2010 WL 5116967 ( Sup Ct, Nov 3, 2010)In this case the defendant filed a motion with the court seeking to compel the plaintiff to pay for the costs incurred by the defendant in responding to plaintiff’s demand for electronically stored information. The court denied the motion.
The general rule pertaining to who bears the cost of responding to discovery demands is that ” during the course of the action each party should bear the expenses it incurs in responding to discovery requests.”
However, “precedent shows that the requesting party bears the cost of electronic discovery when the data sought is not ‘readily available.’ Data is not readily available upon a showing of undue burden by the producing party to obtain the data.”

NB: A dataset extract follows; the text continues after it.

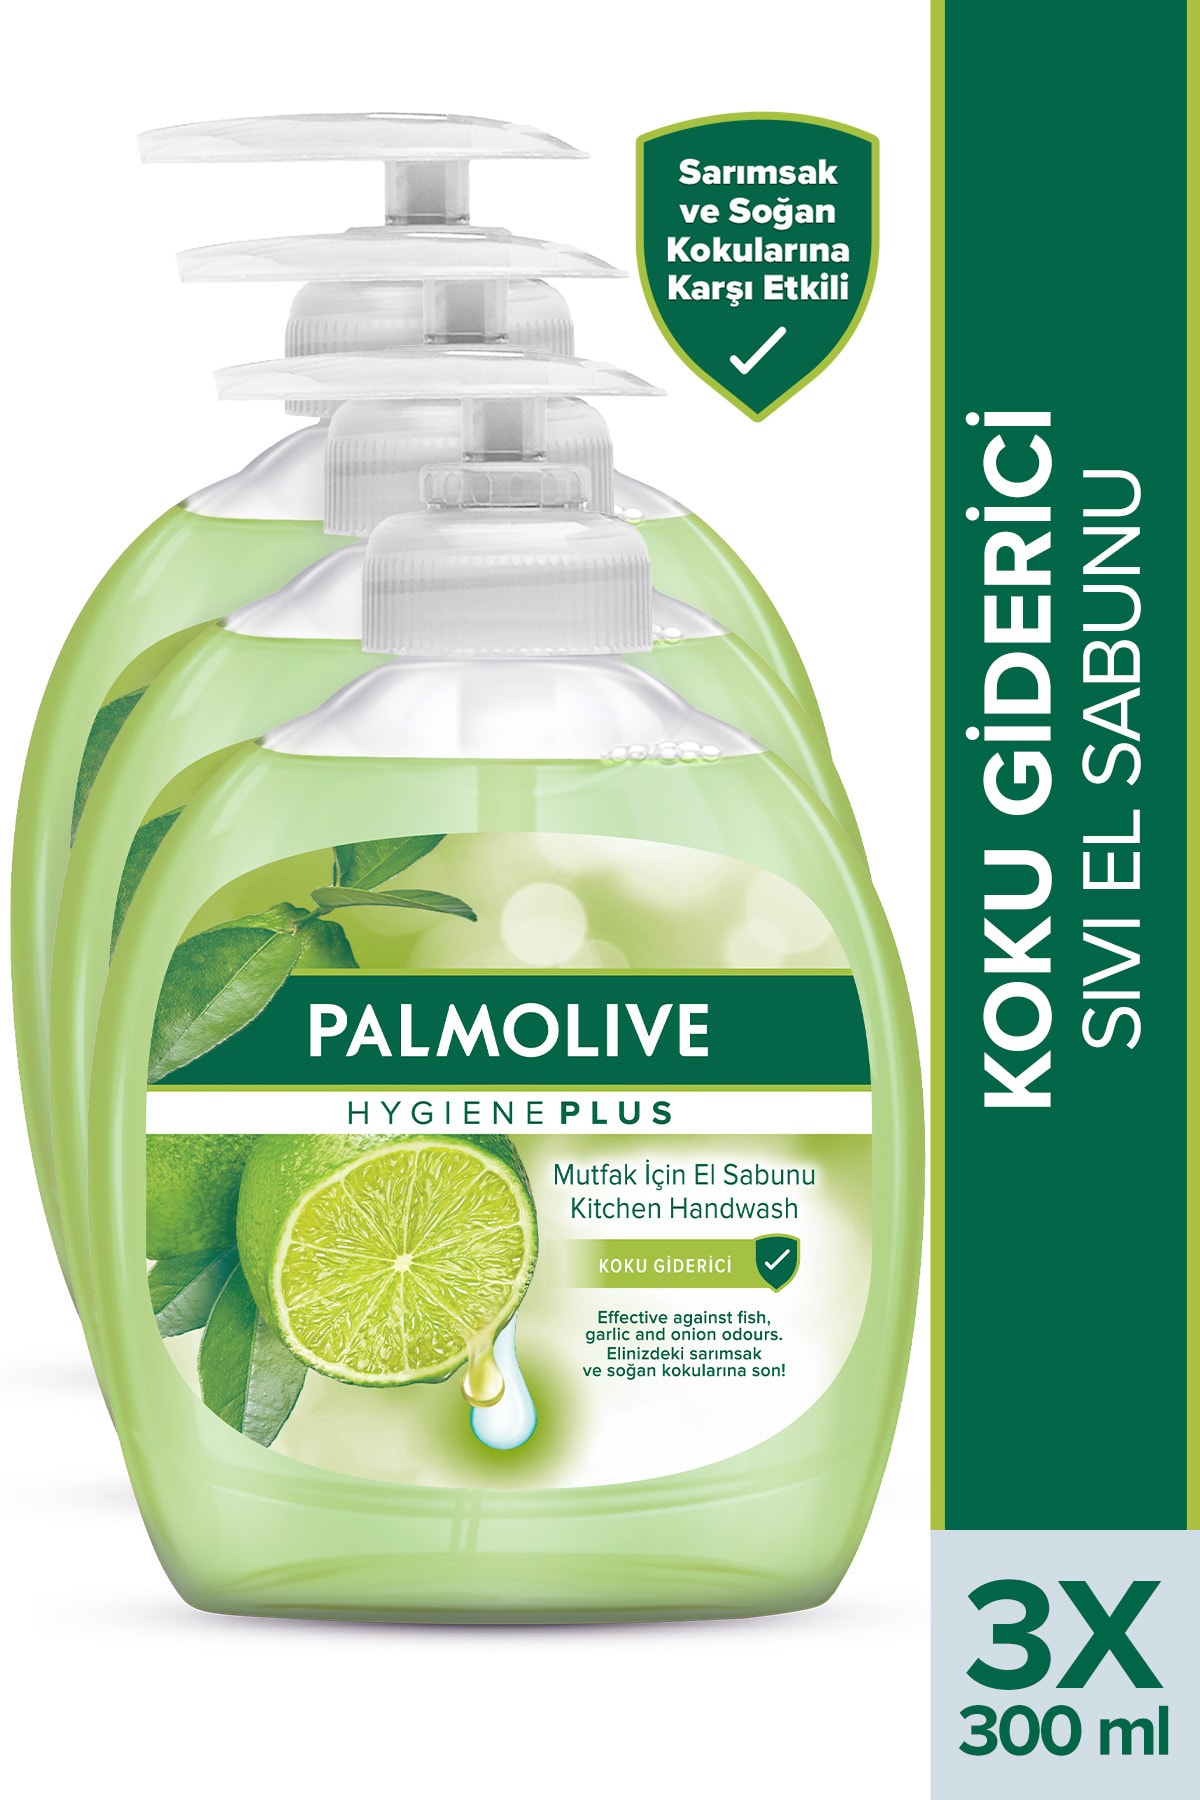 Palmolive Mutfak için Koku Giderici Sıvı El Sabunu 3 X 300 ml
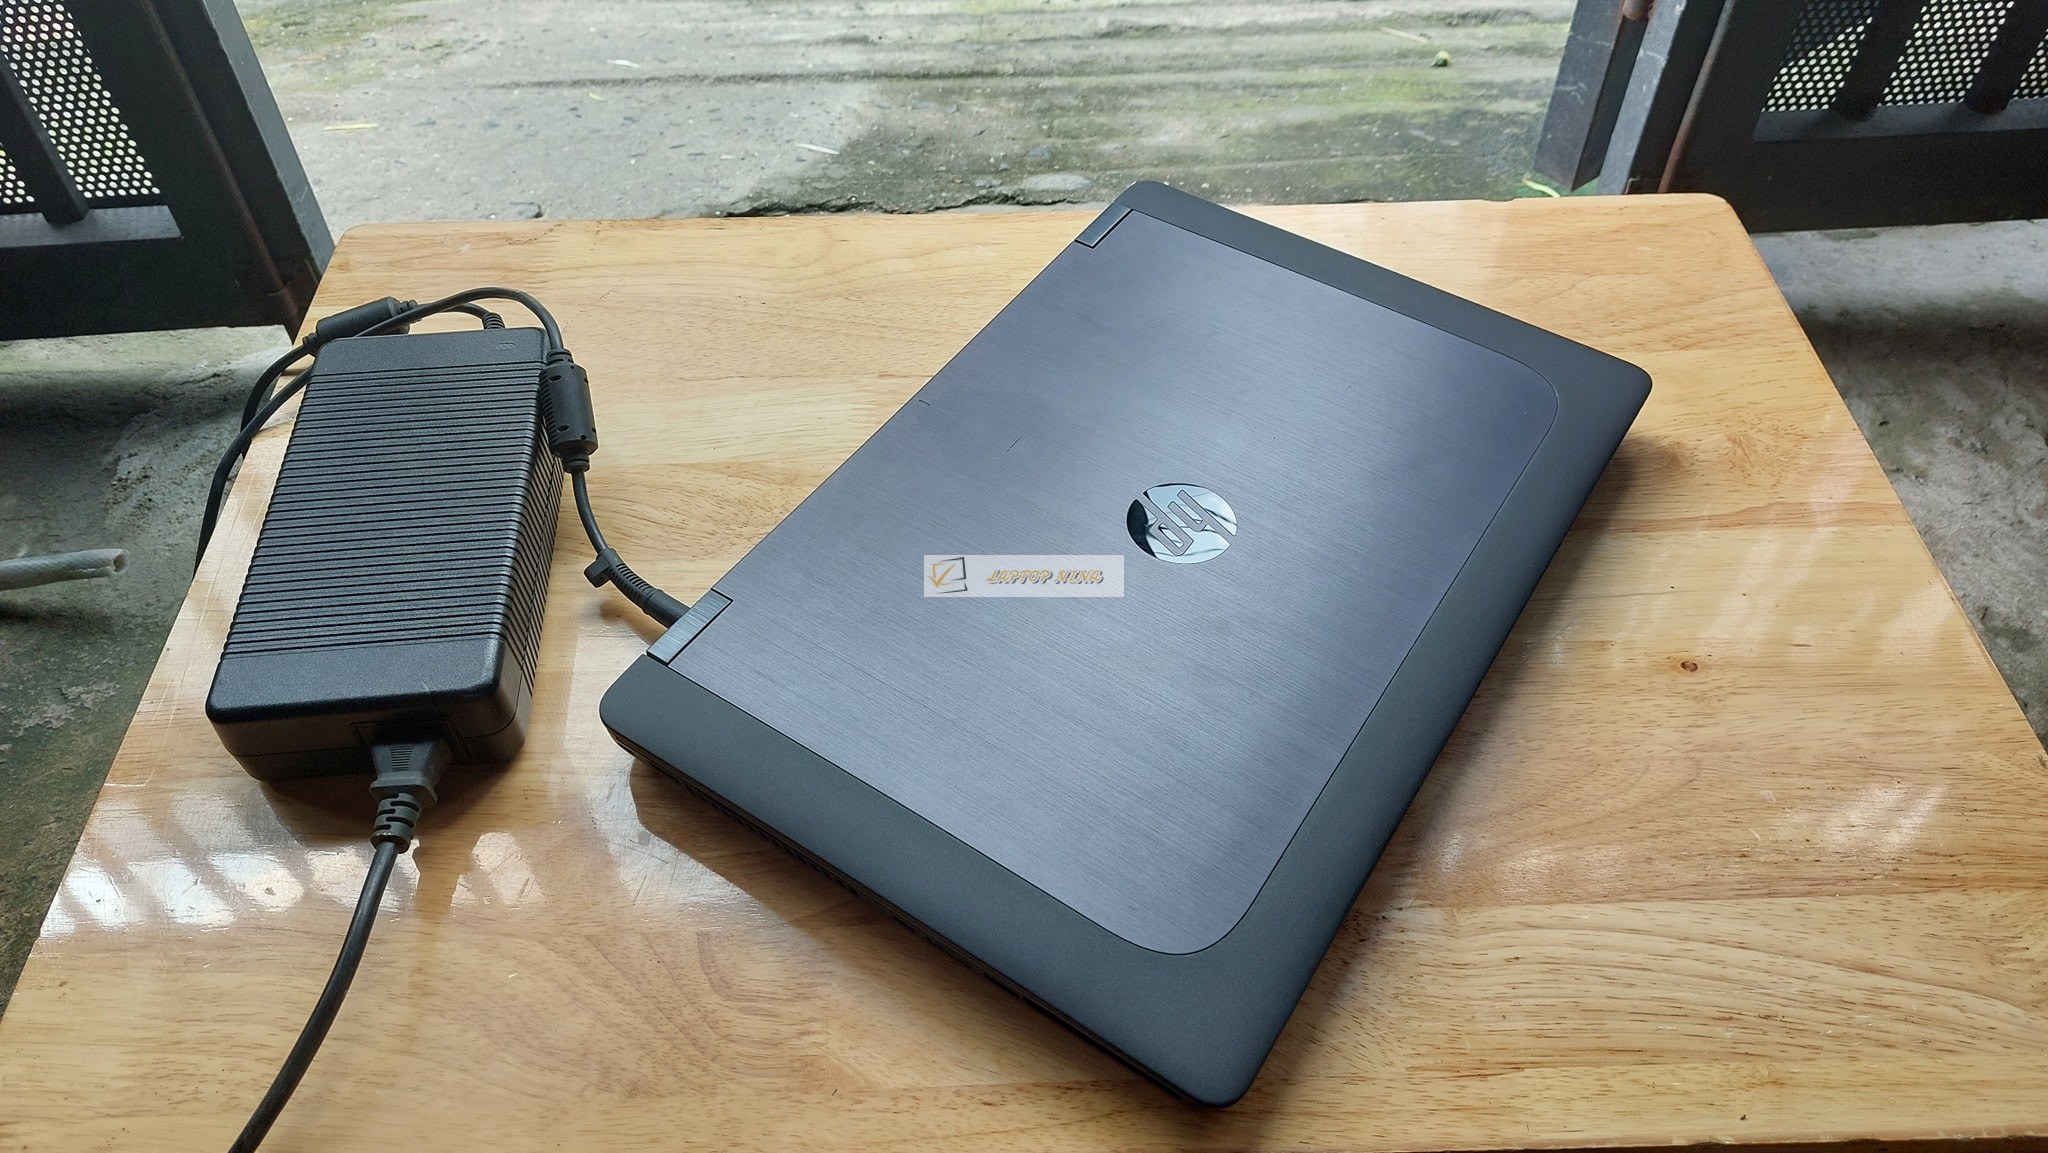 Laptop HP ZBook 15 G1 Core i7 4800QM ram 16G ssd 128gb Vga K1100 Full HD 10

“The data at issue in the instant case was neither archived nor deleted; it was simply stored in a number of places ‘interspersed with defendant’s various documents for their several business entities.’ The fact that the Defendants were required to ‘process’ the data discloses no undue burden, but merely the normal burden of litigation. Indeed Defendants suggest they keep their records in accordance with the general expectations of the business world.”
“The cost of an examination by Defendants’ agents to see if [material] should not be produced due to privilege or on relevancy grounds should be borne by the [producing party].
The court therefore held that the defendant had to absorb the cost of responding to discovery demands because its records were not “unduly difficult or burdensome to obtain and produce.”